La obsecuencia no es
abstracta. Es miedo en forma de silencio y rodillas mordidas, de gesto
exculpatorio. Es el aplauso al niño malabarista en el trasporte subterráneo. Es
la mirada sobre el hombro del más fragilizado por la expoliación y, a la vez,
la pleitesía obscena al que distribuye los cheques a fin de mes. La obsecuencia
maldice al vecino, al callejero, a las putas, los maricones; a los vagabundos
que duermen en la calle Riobamba, en el centro del microcentro de Buenos Aires,
que comen cebollas y que a un árbol junto al basurero público le han vestido
como si fuera un pino navideño y le han atado una bandera del país.
La obsecuencia es la
complicidad muda ante el castigo por encargo de las patotas sindicales contra
los trabajadores que luchan para que la vida sea organizada por la mayoría. El
mismo terror que fortalece y autoriza por ausencia al crimen funcional, a las
cifras oficiales, el reciente aumento del 100 % de la dieta de los senadores y
diputados de todas las bancadas, la especulación de los precios, la desigualdad
social, la concentración capitalista, los privilegios de la petrolera hispana
Repsol, el paso mortal de los químicos y explosivos de la megaminería, la ley
anti-terrorista contra la conciencia realizada en combate social y político de
los trabajadores y el pueblo.
Eso sí, el miedo tiene su
ruina en el momento de la rebeldía. Y la rebeldía su oportunidad cuando
adquiere unidad de sentido, dignifica a los desheredados, inspira a la
juventud, se monta sobre la historia desde el calendario popular, torna sujeto
al que ayer nada más era objeto, cliente y consumidor. Y cuando se arquitectura
como fuerza social transformadora, con proyecto, lúcidamente, que no iluminadamente.

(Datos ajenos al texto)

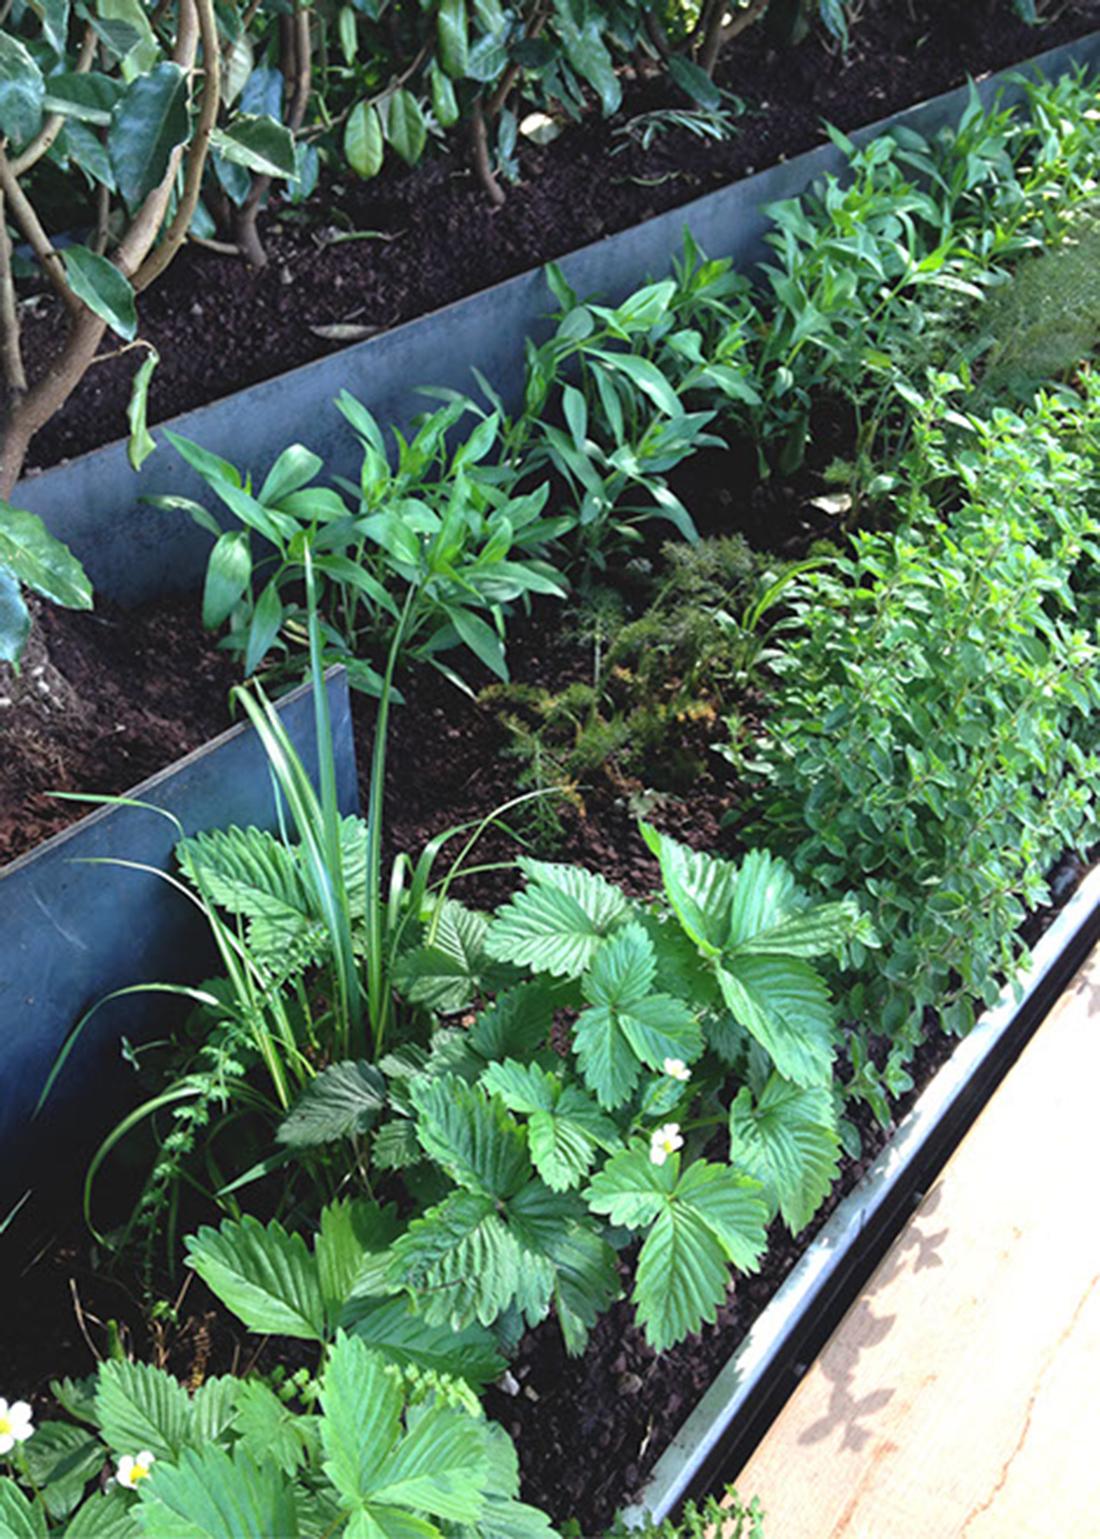 Allestimento giardino pensile milano primanatura giardini for Giardino triennale

La rebeldía es la crisis del
miedo y el desplazamiento de la obsecuencia.
Y la rebeldía tampoco es
abstracta. Es la voluntad colectiva necesariamente organizada para destruir la
opresión de clase y su movimiento que maximiza el beneficio a costa de
humanidad.
Y donde no existe rebeldía
sólo hay mansedumbre, fatalidad, cinismo.